Marram grass grows extensive root systems in loose sand, making it an important component of a healthy dune ecosystem that supports endangered seabirds such as the piping plover. But it also provides a natural buffer against the wind and waves that carve away a little more of the island’s north shore every year — a natural process of erosion that climate change is accelerating.

“From a conservation perspective, sand dunes were always valuable habitats, but these places are increasingly critical in terms of how we can adapt to climate change,” says Dan Kraus, Weston Conservation Scientist with the Nature Conservancy of Canada (NCC), which organized the marram grass planting.

All of Canada’s coastal areas are threatened by climate change-related sea level rise, but perhaps none so drastically as Prince Edward Island, which is low, flat and composed of soft sandstone, making it particularly vulnerable to erosion.
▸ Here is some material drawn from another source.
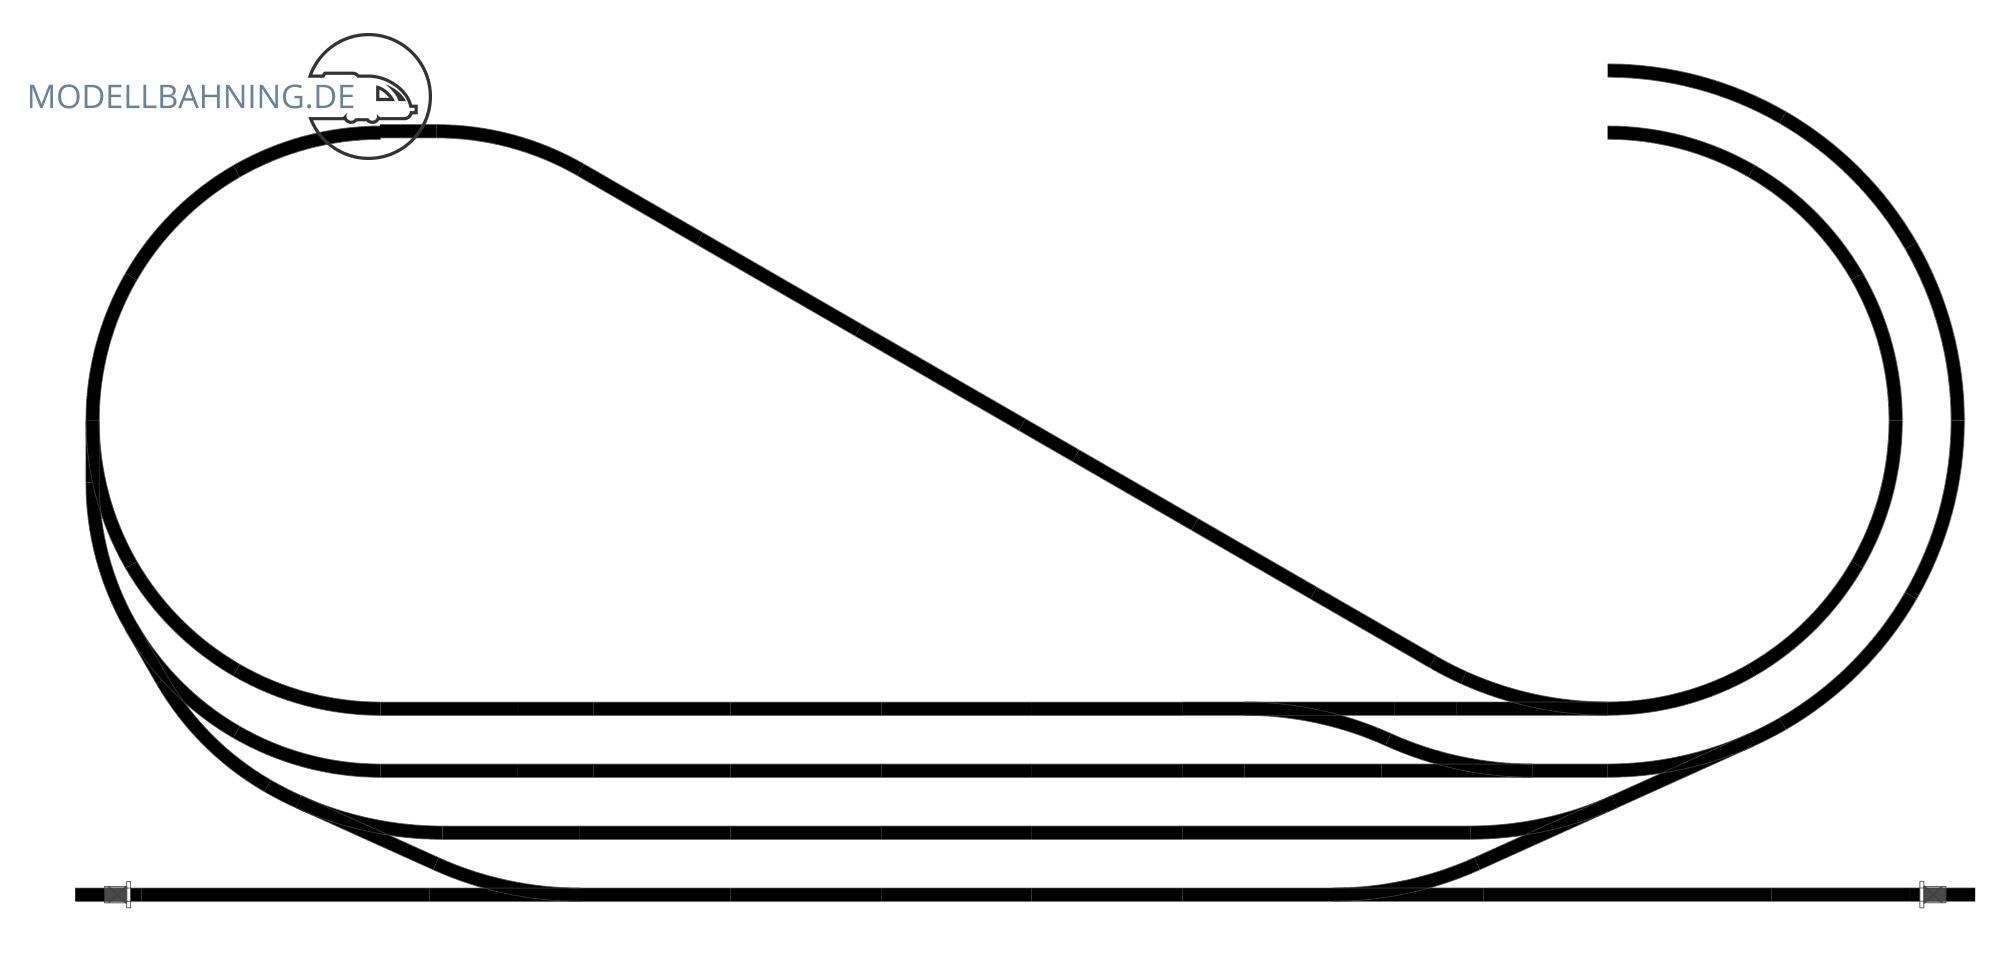 H0 Gleisplan auf 2,5 x 1,2 m: <br>Hundeknochen in drei Ebenen 4

Researchers from the University of Prince Edward Island estimate that the ocean will encroach upon some 1,000 homes and buildings, 45 kilometres of road and five sewage treatment facilities within the next 90 years.

While healthy marram grass dunes won’t stop coastal erosion, they do provide a buffer against storm surges that can easily wipe out unprotected harbours and cause massive damage to property.

“Beaches are dynamic, volatile systems that are going to change no matter what,” explains Julie Vasseur, program director for the NCC in P.E.I. “But if you lose the grass and you lose the dunes, everything behind the beach is exposed to the weather conditions the dunes were helping to absorb.”

Adds Kraus, “We need to start thinking of these sensitive habitats as a kind of infrastructure.”

The public has an important role to play in protecting marram grass dunes, namely by staying out of them: in addition to planting new grass, the St. Peters Harbour volunteers also built a boardwalk so people can admire the dunes and access the beach without trampling the fragile plants.

Related: Nature Conservancy of Canada protects P.E.I. ‘hotel for birds’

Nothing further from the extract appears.